▶ [WHAT IS BEING ASKED]: Using the data below, return the stretch from the line that contains "sausage with mustard by olegtoka" through the line that contains "Castell Rhuddlan 3.jpg", both included, exactly as it stands and nothing beyond it.

***** EXTRACTED RECORDS

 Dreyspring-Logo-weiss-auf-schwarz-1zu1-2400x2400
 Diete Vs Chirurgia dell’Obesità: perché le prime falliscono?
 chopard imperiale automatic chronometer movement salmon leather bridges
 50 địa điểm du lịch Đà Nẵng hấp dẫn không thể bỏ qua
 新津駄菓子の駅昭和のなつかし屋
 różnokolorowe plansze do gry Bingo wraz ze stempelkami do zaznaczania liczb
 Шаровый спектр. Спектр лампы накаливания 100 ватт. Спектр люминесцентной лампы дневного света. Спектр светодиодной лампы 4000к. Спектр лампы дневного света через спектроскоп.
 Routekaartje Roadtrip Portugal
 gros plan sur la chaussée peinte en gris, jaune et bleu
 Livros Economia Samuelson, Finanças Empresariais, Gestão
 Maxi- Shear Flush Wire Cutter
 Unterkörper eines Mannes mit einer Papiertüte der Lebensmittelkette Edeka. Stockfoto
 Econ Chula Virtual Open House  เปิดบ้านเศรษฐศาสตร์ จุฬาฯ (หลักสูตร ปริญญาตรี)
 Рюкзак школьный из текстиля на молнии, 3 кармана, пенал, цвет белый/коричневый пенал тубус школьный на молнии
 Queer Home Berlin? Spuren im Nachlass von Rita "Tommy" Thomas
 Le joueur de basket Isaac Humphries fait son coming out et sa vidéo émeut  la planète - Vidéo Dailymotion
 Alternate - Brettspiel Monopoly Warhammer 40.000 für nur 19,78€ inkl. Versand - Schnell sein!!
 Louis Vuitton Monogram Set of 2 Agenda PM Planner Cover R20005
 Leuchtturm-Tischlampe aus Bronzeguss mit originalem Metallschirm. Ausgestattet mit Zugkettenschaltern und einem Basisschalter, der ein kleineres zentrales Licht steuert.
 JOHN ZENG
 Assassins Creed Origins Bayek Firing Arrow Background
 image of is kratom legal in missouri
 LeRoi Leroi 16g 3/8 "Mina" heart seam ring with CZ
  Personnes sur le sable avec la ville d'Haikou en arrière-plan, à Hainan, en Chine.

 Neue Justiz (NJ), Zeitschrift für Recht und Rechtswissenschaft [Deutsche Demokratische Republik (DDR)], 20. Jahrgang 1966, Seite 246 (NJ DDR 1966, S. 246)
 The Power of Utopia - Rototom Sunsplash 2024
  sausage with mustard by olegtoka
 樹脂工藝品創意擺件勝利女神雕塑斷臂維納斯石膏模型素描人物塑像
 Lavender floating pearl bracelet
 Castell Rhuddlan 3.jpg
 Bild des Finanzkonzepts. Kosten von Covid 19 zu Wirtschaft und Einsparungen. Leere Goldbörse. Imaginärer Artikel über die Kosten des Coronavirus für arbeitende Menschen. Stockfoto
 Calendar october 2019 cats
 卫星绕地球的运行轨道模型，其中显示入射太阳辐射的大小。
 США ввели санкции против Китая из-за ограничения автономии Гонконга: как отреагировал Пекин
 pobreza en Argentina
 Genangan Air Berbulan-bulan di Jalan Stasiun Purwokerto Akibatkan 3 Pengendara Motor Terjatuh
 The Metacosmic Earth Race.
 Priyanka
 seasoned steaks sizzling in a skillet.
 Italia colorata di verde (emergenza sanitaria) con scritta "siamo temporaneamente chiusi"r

**********

▶ [PROBLEM SOLUTION]:
  sausage with mustard by olegtoka
 樹脂工藝品創意擺件勝利女神雕塑斷臂維納斯石膏模型素描人物塑像
 Lavender floating pearl bracelet
 Castell Rhuddlan 3.jpg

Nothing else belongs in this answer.